### Exercise
Print the data below exactly, but only the lines from the one containing "Rose Gold Plated" down to the one containing "The 'transcript' from", inclusive.
::: Extracted records
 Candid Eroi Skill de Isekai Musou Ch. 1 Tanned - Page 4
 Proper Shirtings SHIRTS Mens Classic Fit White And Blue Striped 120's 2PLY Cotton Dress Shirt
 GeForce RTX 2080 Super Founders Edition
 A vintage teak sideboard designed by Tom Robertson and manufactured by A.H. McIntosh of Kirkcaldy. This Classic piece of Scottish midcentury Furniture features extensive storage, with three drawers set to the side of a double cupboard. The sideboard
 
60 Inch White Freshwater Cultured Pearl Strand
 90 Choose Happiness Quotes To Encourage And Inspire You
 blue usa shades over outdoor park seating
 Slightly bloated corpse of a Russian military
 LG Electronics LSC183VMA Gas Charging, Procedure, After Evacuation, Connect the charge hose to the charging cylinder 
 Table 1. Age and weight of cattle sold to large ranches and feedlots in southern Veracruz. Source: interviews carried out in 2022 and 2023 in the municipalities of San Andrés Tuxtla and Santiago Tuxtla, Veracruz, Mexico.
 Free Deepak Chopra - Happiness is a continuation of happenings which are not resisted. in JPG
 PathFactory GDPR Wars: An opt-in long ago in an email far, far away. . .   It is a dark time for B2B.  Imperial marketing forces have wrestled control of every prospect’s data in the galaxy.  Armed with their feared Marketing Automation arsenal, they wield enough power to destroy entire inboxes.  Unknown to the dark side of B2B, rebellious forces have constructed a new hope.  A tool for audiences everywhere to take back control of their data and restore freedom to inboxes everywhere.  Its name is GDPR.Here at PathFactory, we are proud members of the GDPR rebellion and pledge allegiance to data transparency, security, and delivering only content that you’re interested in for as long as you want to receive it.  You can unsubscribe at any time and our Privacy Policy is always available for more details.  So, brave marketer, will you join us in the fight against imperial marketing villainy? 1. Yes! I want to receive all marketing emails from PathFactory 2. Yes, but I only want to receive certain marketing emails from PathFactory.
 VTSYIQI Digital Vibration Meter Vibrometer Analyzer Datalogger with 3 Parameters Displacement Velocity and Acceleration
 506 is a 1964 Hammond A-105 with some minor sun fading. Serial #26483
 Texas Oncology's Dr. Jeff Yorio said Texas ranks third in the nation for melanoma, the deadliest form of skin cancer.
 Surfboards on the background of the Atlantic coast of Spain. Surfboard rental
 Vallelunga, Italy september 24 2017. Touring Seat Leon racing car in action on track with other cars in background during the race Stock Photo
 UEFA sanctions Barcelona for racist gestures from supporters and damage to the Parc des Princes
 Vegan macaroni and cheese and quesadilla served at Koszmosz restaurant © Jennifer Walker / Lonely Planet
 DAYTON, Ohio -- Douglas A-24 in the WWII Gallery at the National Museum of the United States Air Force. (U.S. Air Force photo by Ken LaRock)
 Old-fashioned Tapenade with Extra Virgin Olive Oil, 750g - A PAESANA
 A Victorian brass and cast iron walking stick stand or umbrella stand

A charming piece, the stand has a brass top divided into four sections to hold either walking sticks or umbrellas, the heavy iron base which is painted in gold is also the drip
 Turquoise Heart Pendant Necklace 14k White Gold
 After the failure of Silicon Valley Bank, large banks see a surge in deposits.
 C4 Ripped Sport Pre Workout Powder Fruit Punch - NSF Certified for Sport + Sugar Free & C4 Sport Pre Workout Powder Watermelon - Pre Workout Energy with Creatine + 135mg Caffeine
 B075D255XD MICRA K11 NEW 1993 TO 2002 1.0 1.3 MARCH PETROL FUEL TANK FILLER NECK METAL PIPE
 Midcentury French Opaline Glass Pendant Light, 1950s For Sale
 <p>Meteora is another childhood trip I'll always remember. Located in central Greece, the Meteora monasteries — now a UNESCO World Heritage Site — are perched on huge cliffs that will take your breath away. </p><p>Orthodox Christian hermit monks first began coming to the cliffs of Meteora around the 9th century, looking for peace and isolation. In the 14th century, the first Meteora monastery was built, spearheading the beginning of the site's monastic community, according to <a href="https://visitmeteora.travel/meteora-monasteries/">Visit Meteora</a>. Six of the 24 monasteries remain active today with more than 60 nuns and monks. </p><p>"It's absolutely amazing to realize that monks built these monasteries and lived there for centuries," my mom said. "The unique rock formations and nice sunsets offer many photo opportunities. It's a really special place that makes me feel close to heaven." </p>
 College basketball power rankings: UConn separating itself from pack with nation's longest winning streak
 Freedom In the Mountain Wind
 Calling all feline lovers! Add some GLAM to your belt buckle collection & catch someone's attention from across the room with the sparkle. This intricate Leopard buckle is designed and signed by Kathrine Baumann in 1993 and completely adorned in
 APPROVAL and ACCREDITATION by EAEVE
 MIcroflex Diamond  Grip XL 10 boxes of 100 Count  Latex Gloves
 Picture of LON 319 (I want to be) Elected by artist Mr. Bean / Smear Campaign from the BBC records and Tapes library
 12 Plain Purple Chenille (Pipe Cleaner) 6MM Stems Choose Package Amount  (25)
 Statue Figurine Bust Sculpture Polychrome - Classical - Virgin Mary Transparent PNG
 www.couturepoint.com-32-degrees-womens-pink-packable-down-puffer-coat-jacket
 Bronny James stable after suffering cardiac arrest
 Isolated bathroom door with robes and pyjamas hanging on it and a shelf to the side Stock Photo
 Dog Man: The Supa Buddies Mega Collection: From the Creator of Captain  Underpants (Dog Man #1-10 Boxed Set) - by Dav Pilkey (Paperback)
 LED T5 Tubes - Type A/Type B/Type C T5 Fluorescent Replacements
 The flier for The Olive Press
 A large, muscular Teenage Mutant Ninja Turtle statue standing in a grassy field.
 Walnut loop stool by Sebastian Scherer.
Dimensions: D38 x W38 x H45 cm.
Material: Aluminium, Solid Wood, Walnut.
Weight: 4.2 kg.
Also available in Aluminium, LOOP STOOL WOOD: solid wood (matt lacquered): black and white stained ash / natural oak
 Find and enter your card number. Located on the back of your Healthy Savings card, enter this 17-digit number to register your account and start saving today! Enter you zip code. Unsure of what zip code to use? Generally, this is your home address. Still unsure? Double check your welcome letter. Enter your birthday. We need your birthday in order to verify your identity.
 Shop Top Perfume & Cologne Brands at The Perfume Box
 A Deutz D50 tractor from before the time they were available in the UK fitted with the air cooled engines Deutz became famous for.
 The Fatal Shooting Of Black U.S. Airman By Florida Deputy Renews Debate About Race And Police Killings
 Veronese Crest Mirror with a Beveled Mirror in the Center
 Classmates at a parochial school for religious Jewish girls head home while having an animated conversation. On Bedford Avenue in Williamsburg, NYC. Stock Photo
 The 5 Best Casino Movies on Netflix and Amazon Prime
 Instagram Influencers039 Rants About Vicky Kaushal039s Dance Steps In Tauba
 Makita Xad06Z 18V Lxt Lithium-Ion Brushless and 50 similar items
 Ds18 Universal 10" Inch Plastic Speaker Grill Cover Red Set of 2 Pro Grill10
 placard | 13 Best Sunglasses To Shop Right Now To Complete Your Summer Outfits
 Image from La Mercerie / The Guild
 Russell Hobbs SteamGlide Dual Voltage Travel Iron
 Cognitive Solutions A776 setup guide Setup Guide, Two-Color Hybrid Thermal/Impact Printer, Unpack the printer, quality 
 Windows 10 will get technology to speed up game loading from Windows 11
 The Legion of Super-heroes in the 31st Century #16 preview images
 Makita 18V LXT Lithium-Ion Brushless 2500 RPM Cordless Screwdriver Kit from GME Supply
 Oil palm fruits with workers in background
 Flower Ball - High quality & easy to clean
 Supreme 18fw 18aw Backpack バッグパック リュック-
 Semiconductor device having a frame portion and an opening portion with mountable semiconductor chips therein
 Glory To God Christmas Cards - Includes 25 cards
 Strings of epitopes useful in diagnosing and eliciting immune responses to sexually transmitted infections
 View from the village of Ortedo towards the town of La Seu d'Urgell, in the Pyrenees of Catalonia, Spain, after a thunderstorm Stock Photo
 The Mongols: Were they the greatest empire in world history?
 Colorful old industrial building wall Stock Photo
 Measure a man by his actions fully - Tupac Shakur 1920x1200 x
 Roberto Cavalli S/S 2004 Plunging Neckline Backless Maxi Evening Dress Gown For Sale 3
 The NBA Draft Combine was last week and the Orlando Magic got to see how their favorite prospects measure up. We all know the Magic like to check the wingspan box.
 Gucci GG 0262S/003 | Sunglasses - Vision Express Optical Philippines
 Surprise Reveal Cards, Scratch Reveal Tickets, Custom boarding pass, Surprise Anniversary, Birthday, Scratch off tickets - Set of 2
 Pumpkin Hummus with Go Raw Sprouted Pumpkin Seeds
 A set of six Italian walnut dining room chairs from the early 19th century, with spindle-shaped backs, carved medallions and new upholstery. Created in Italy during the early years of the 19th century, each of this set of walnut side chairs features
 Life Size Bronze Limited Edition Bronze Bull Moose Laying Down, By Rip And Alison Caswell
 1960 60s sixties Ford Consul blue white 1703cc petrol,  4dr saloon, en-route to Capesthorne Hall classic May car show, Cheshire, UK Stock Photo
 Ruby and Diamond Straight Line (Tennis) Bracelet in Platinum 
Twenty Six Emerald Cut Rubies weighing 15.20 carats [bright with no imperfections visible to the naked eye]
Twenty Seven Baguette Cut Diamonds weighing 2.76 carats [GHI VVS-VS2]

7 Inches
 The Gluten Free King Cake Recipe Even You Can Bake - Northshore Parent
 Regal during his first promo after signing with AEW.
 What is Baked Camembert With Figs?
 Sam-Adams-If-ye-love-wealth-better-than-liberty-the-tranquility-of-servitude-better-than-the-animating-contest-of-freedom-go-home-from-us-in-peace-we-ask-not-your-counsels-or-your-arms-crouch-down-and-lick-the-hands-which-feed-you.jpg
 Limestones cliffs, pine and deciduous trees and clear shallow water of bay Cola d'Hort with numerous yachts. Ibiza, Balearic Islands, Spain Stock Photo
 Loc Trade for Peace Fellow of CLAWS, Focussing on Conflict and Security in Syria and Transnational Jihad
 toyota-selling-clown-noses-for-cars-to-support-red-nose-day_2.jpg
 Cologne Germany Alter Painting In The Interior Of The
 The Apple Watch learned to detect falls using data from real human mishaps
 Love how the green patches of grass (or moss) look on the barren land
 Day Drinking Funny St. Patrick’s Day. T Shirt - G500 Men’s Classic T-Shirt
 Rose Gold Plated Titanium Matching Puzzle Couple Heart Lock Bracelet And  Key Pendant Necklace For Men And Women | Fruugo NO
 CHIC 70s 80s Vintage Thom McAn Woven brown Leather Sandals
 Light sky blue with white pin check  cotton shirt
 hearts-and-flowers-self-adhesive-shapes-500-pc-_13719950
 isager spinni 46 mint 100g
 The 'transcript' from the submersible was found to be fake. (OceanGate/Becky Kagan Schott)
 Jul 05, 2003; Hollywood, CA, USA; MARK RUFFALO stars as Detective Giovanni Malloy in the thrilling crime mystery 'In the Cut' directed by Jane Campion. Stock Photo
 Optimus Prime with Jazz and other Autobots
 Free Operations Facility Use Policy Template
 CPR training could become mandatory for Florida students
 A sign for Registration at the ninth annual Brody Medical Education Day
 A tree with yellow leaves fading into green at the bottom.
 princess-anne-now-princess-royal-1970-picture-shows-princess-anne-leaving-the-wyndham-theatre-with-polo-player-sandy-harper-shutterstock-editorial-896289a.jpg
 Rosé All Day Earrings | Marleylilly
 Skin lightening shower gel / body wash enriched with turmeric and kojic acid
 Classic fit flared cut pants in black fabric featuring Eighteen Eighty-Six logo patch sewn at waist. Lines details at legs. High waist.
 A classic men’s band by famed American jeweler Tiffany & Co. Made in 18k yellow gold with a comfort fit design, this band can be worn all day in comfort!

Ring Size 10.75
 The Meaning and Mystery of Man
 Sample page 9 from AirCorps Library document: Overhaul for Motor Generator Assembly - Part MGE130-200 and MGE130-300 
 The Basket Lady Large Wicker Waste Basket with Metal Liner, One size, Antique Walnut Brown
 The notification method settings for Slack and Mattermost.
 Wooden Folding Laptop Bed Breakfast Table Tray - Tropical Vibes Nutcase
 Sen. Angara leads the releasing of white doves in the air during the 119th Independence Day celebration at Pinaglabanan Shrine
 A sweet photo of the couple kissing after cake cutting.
::::::
### Solution
 Rose Gold Plated Titanium Matching Puzzle Couple Heart Lock Bracelet And  Key Pendant Necklace For Men And Women | Fruugo NO
 CHIC 70s 80s Vintage Thom McAn Woven brown Leather Sandals
 Light sky blue with white pin check  cotton shirt
 hearts-and-flowers-self-adhesive-shapes-500-pc-_13719950
 isager spinni 46 mint 100g
 The 'transcript' from the submersible was found to be fake. (OceanGate/Becky Kagan Schott)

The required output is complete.